Special care must be taken when dealing with an S corporation. Debt basis is handled differently in an S corporation than in a partnership.
Special limitations apply to at-risk borrowed funds. Nonrecourse debt never counts toward debt basis and money borrowed from another person with an interest in the activity is disallowed after May 3, 2004.
Special Rules for Rental Activity
Rental real estate is always a passive activity unless you are a real estate professional. Rental activities are allowed a $25,000 passive loss per year against other income. These rules apply:
You or your spouse must have active participation in the rental activity. You must own at east 10% of the rental property. Management decisions, such as: approving tenants and hiring contractors for repairs, count toward active participation.

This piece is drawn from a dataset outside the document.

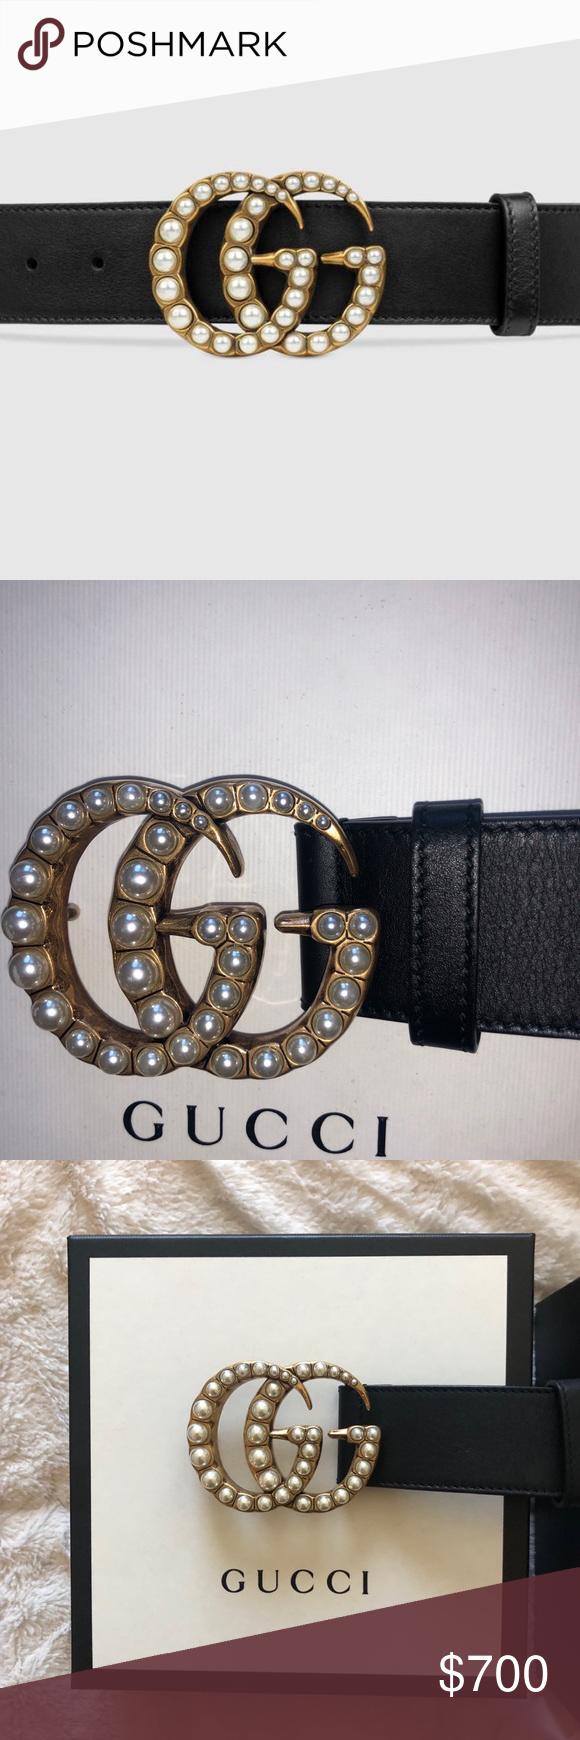 Gucci Belt Gucci Belt Gucci Black Black Gucci Belt
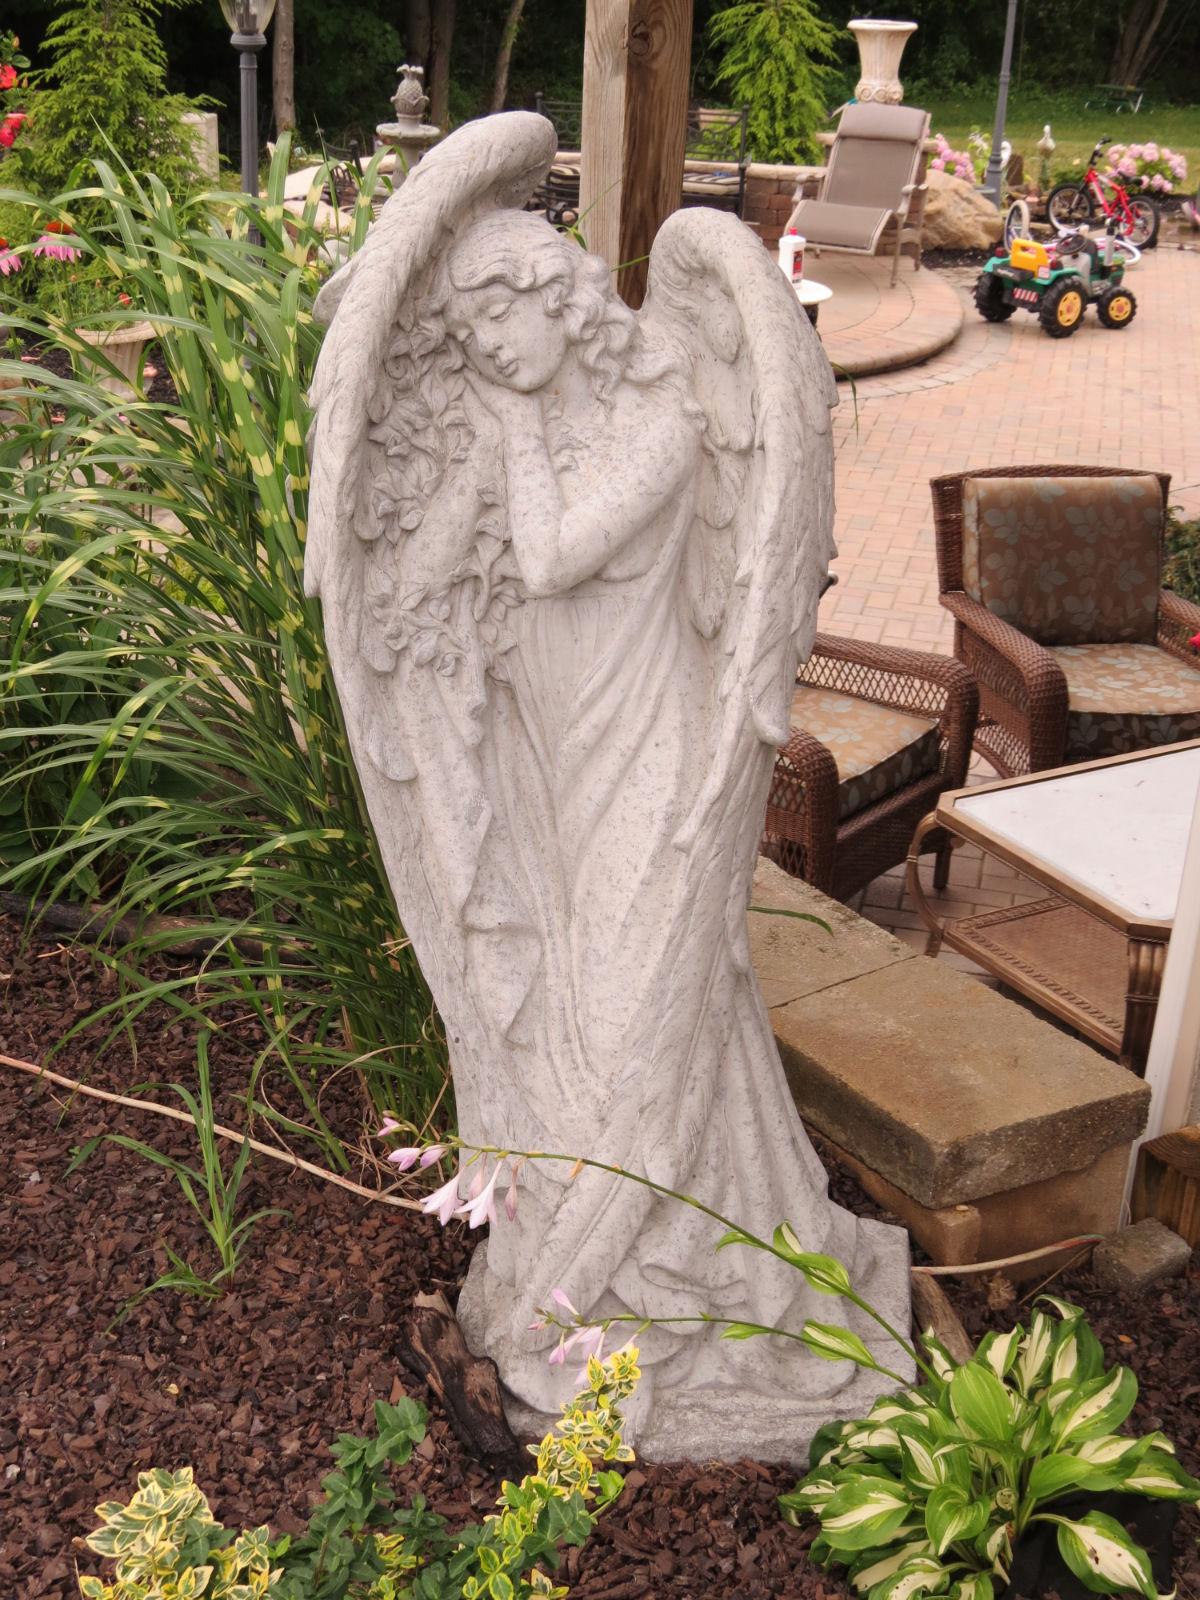 Concrete Angel Statue  Casey and Gram

Loss must be aggregated with all rental property, gainers and losers.
Limited partners cannot meet the active participation test.
- The Real Estate Professional and the IRS
Real estate professional rules can reduce taxes significantly. The rules are complex, but worth the effort. Losses over $25,000 are allowed the real estate professional.
Rental activity losses begin to phase-out when modified adjusted gross income exceeds $100,000 at a 50% rate. Once MAGI hits $150,000 the loss allowance is reduced to zero.
Passive activity rules are complex. A competent tax professional should be sought out to handle these advanced tax issues. Use this article as a refernece when discussing the issues with your tax professional.